Hypersonic force measurements using internal balance based on optical micromachined Fabry-Perot interferometry

• Published in: Review of scientific instruments Vol. 89; no. 3; p. 035004
• Main Authors: Qiu, Huacheng, Min, Fu, Zhong, Shaolong, Song, Xin, Yang, Yanguang
• Format: Journal Article
• Language: English
• Published: United States 01.03.2018
• ISSN: 1089-7623
• DOI: 10.1063/1.5017310

Force measurements using wind tunnel balance are necessary for determining a variety of aerodynamic performance parameters, while the harsh environment in hypersonic flows requires that the measurement instrument should be reliable and robust, in against strong electromagnetic interference, high vacuum, or metal (oxide) dusts.

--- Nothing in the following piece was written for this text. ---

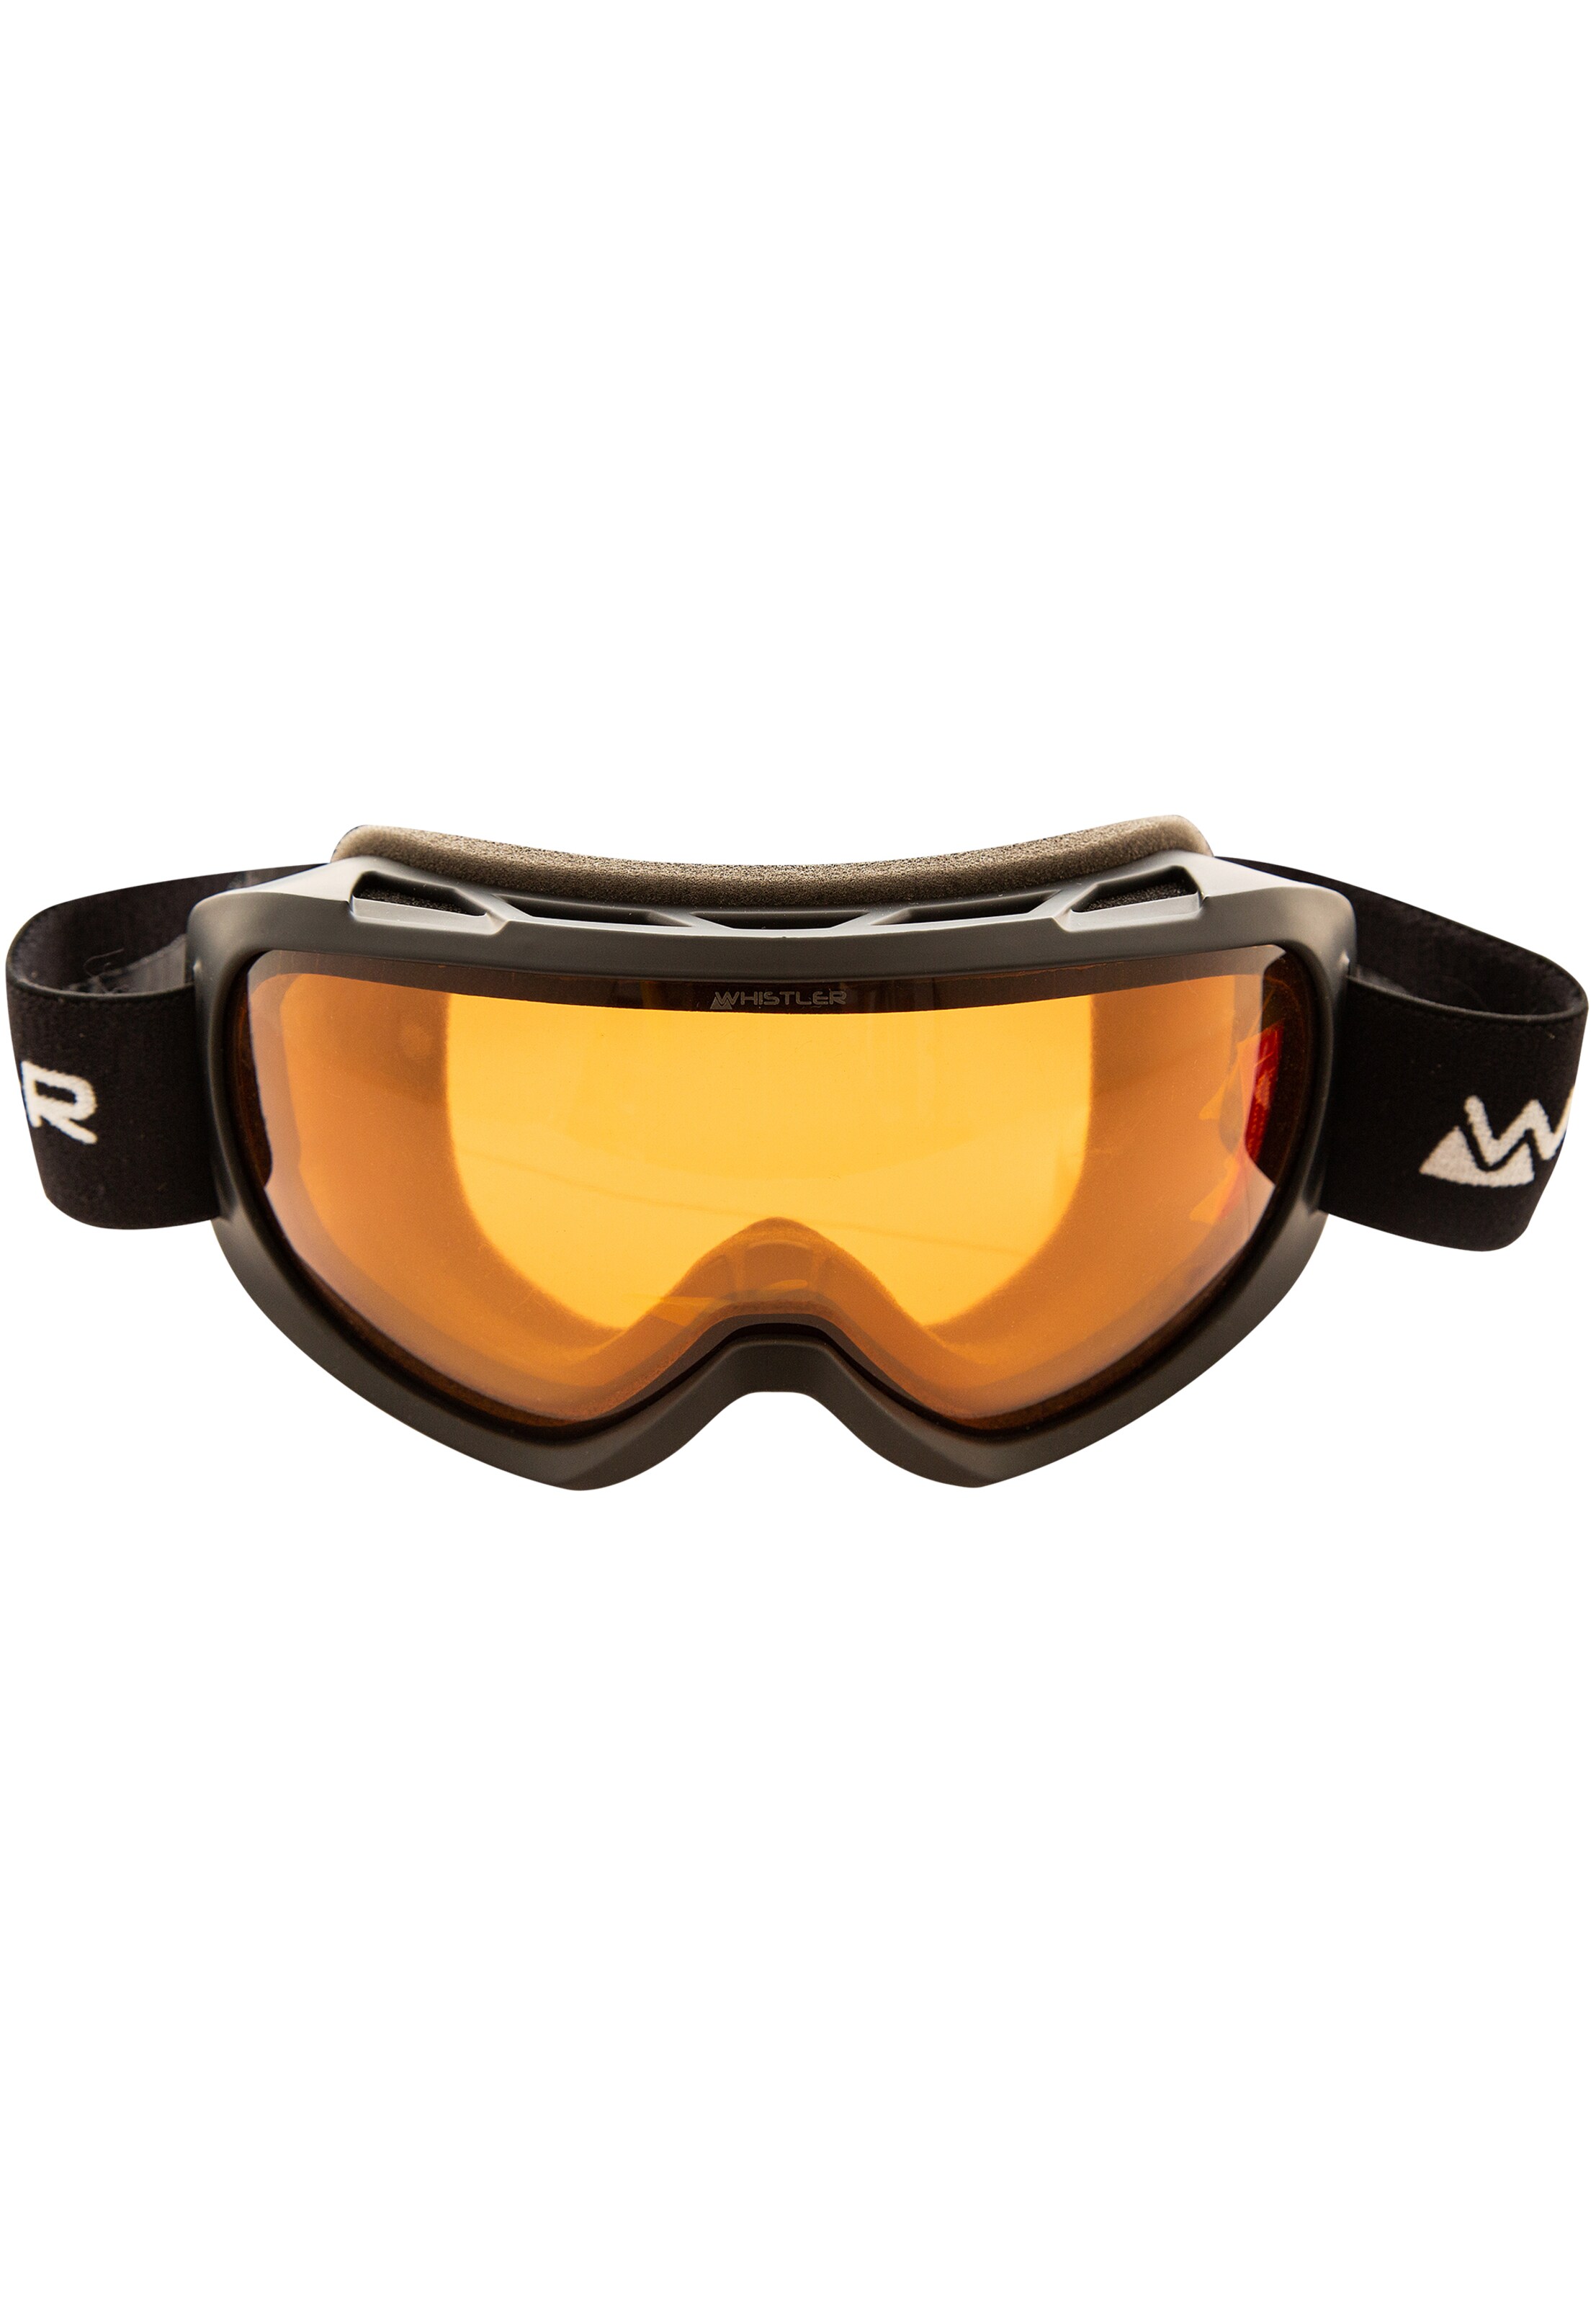 Whistler Skibrille WS3.54 Clear Vision in Orange

In this paper, we demonstrated a three-component internal balance for hypersonic aerodynamic force measurements, using novel optical micromachined Fabry-Perot interferometric (FPI) strain gauges as sensing elements. The FPI gauges were fabricated using Micro-Opto-Electro-Mechanical Systems (MOEMS) surface and bulk fabrication techniques. High-reflectivity coatings are used to form a high-finesse Fabry-Perot cavity, which benefits a high resolution. Antireflective and passivation coatings are used to reduce unwanted interferences. The FPI strain gauge based balance has been calibrated and evaluated in a Mach 5 hypersonic flow. The results are compared with the traditional technique using the foil resistive strain gauge balance, indicating that the proposed balance based on the MOEMS FPI strain gauge is reliable and robust and is potentially suitable for the hypersonic wind tunnel harsh environment.